Meadowlark has since become an ongoing series, stretching over space and time. The timeline of Bates’s photographs coincides with the oil boom in North Dakota; the industry has reshaped the landscape, geographically and socially. Bates’s pictures capture the drowsy loneliness of these small Western and Midwestern towns, but there’s a pinprick of urgency and anxiety to be found in the silence.

“The meadowlarks are actually leaving these rural areas as farms increase in scale and impact,” Bates says, “As farms become larger, humans are also leaving and flocking towards urban centers.” Like the towns, the pictures will change as the years pass, and that’s okay. Bates leaves them untitled and uncaptioned because he wants their implications to remain murky and uncertain. In this way, he’s set the Meadowlark pictures free to fly, without knowing where they’ll land.
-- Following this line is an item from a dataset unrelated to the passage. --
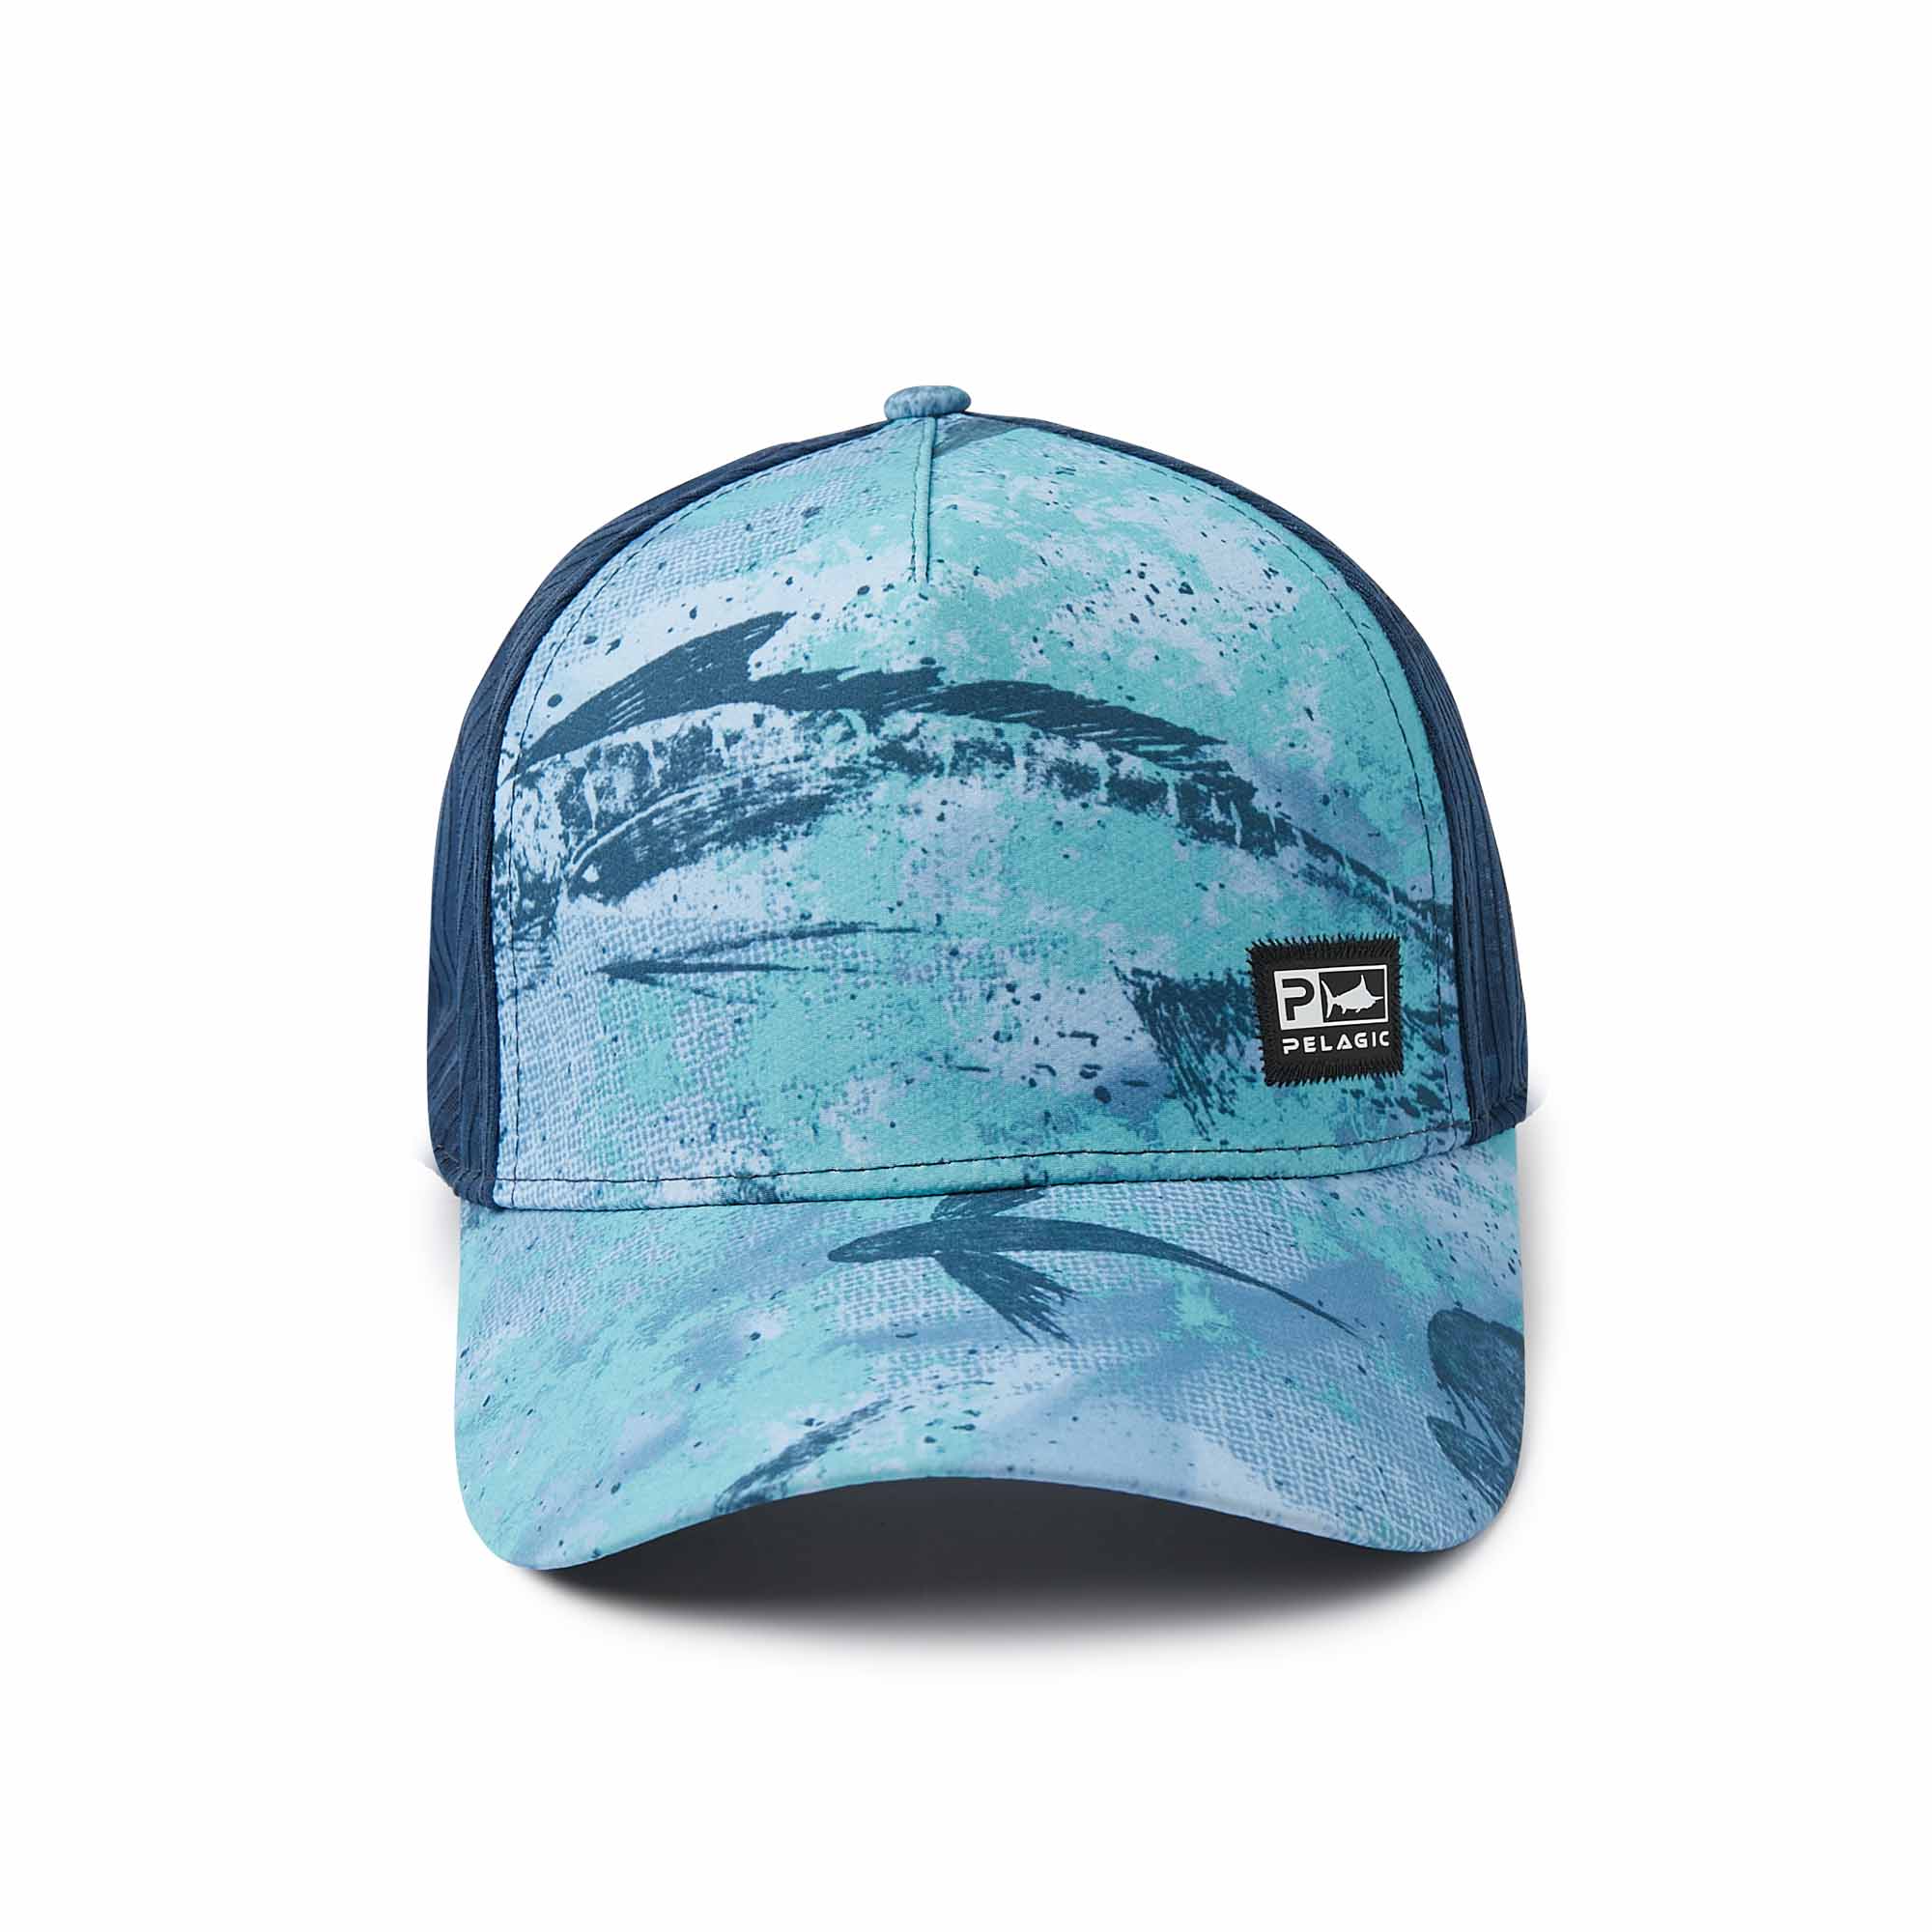 Performance Fishing Pelagic Trucker Hat Merchandise Men Baseball

We asked him to tell us about the journey so far.

Aside from the birds, what connects these states in your mind?
“Once I made the connection between these states, I found that in many ways they were similar. The landscape of rolling, grassy hills with expansive farms exist throughout all of these. The people, in general, are united in a sense of tradition tied both to the land and personal histories. These farms were once long grass prairies that the Western Meadowlark inhabited. I wanted to look at all these states that consider themselves different from one another and photograph their sameness. That sameness has allowed me to create my own place for the work to reside.”
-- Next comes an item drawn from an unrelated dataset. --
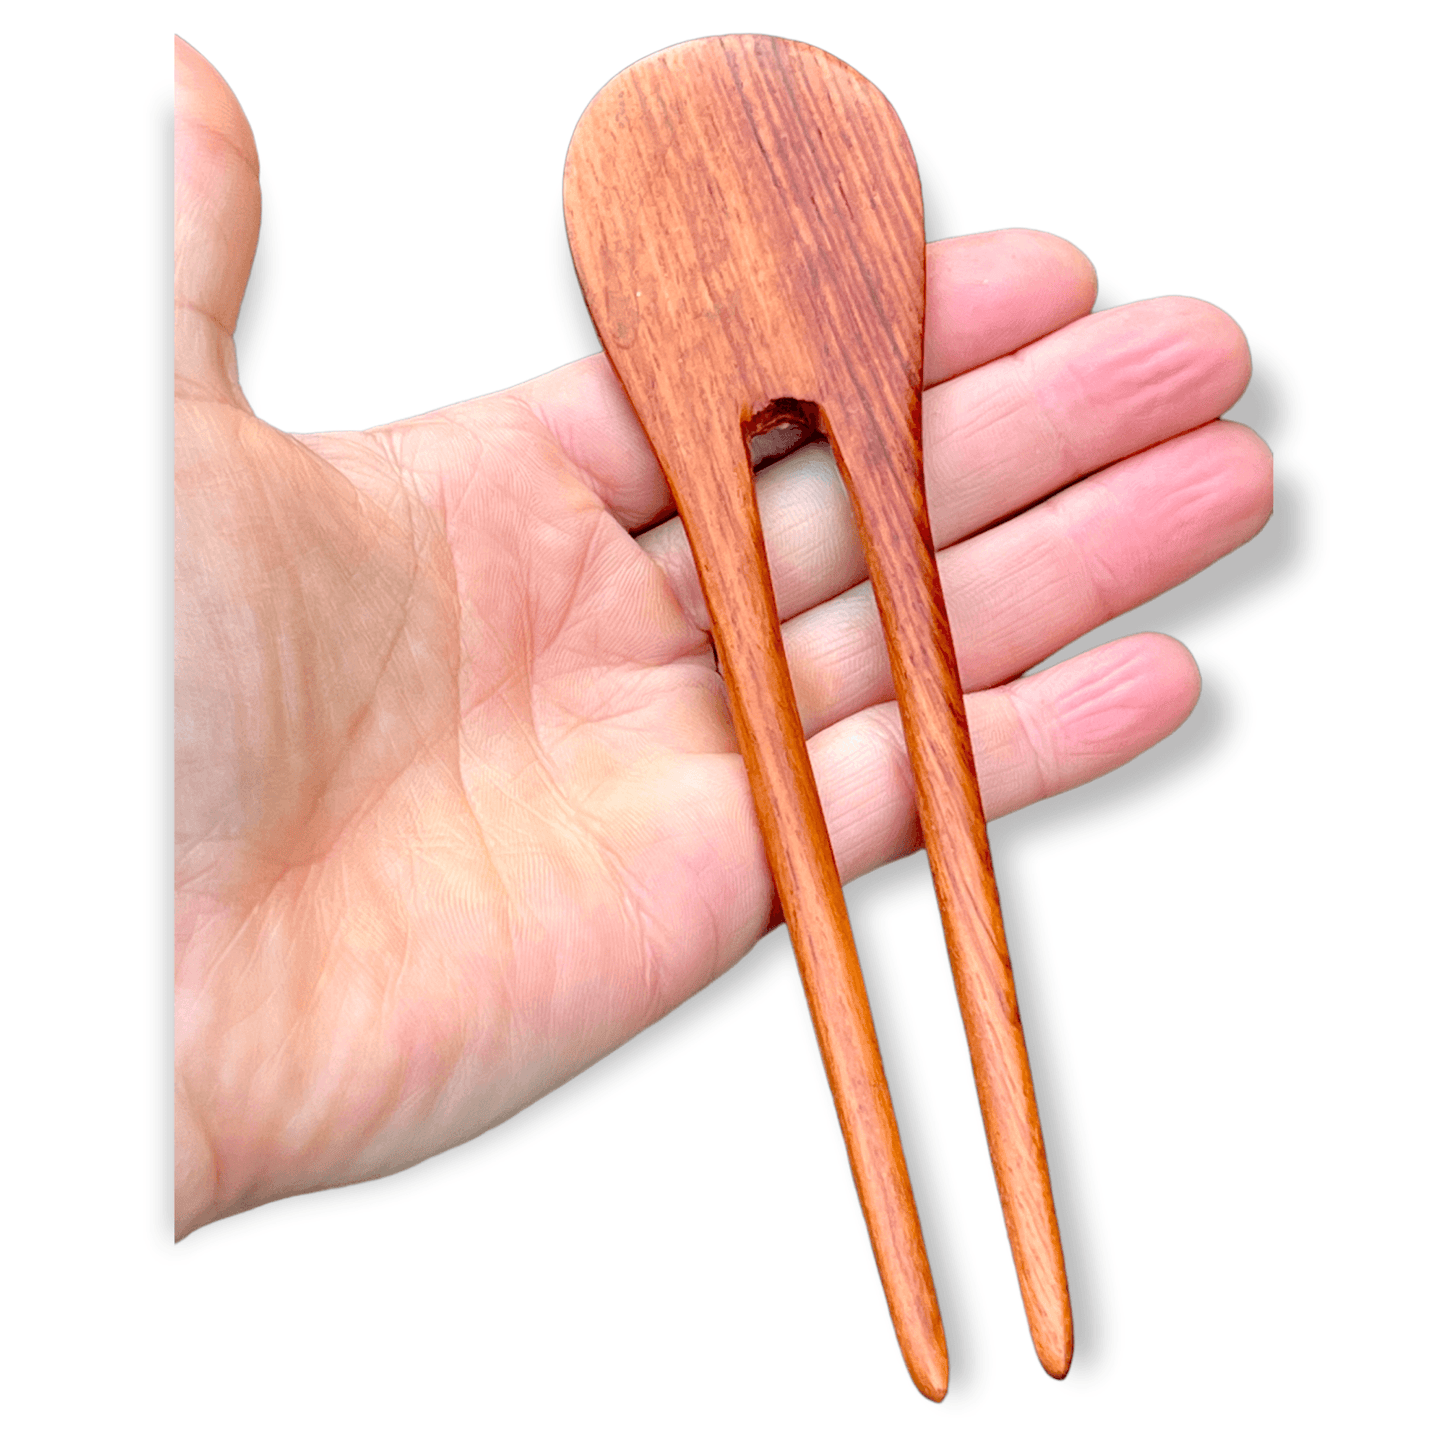 Wooden handmade hair pick or comb for long hair - Sundara Joon

Where do you sleep, eat, work, and hang out when you’re on the road?
“My life falls out of place on the road. I try to break from habits and do things I otherwise wouldn’t while at home in Seattle. I sleep in the back of my car or a shitty motel. It depends on where I am and what the weather is like. More often than not, it really comes down to how much money I have to spend. When I am out on the road I try to separate myself from all work-related things. I am out there to make work for a specific reason, and that’s it. I don’t have enough money to make tons and tons of trips, so it’s important to me to make it worth my while as best I can. However, it’s not at all rare that I only make one picture I like from a whole trip.”

Who are the people in your photographs?
“They are all strangers. I meet people in a lot of different ways, but I prefer the encounters to be spontaneous. I don’t spend a lot of time with people. In a way, I am using these people I photograph. They are becoming a part of this world that I am making. I would call it a story, but I think it’s more fragmented. Stories have a beginning, middle, and end, but I am interested in making something flexible, malleable, adjustable – allowing different individuals to create different ‘stories.'”

How do you meet them and gain their trust? Do you ever stay in touch?
“It happens in different ways. Sometimes I see someone driving by and double back. Sometimes I meet someone walking around a small town. Sometimes I meet someone at a bar the night before and try to convince them into letting me make a picture of them the next day. I give everyone I photograph a little card with my info in case they want a print. I don’t get many inquiries though.”

What’s your most vivid memory from your time working on Meadowlark?
“On my first trip alone to North Dakota, I spent so much time driving in circles and really being nervous to talk to anyone. I made a few portraits that I don’t like. There was this one afternoon I was completely frustrated with myself and the trip. I was driving up a dirt hill, just wandering and thinking. The sun was setting, and I hadn’t made a single picture that day. All of a sudden, it started pouring rain, and there were rainbows everywhere. I stopped the car, got out, and just watched. It was a refreshing moment. Something I didn’t know I needed. It made the whole trip worth it, even without making a photograph. Making work as a photographer includes these private moments, un-photographed. They influence the work in some way; I’m still trying to figure out how.”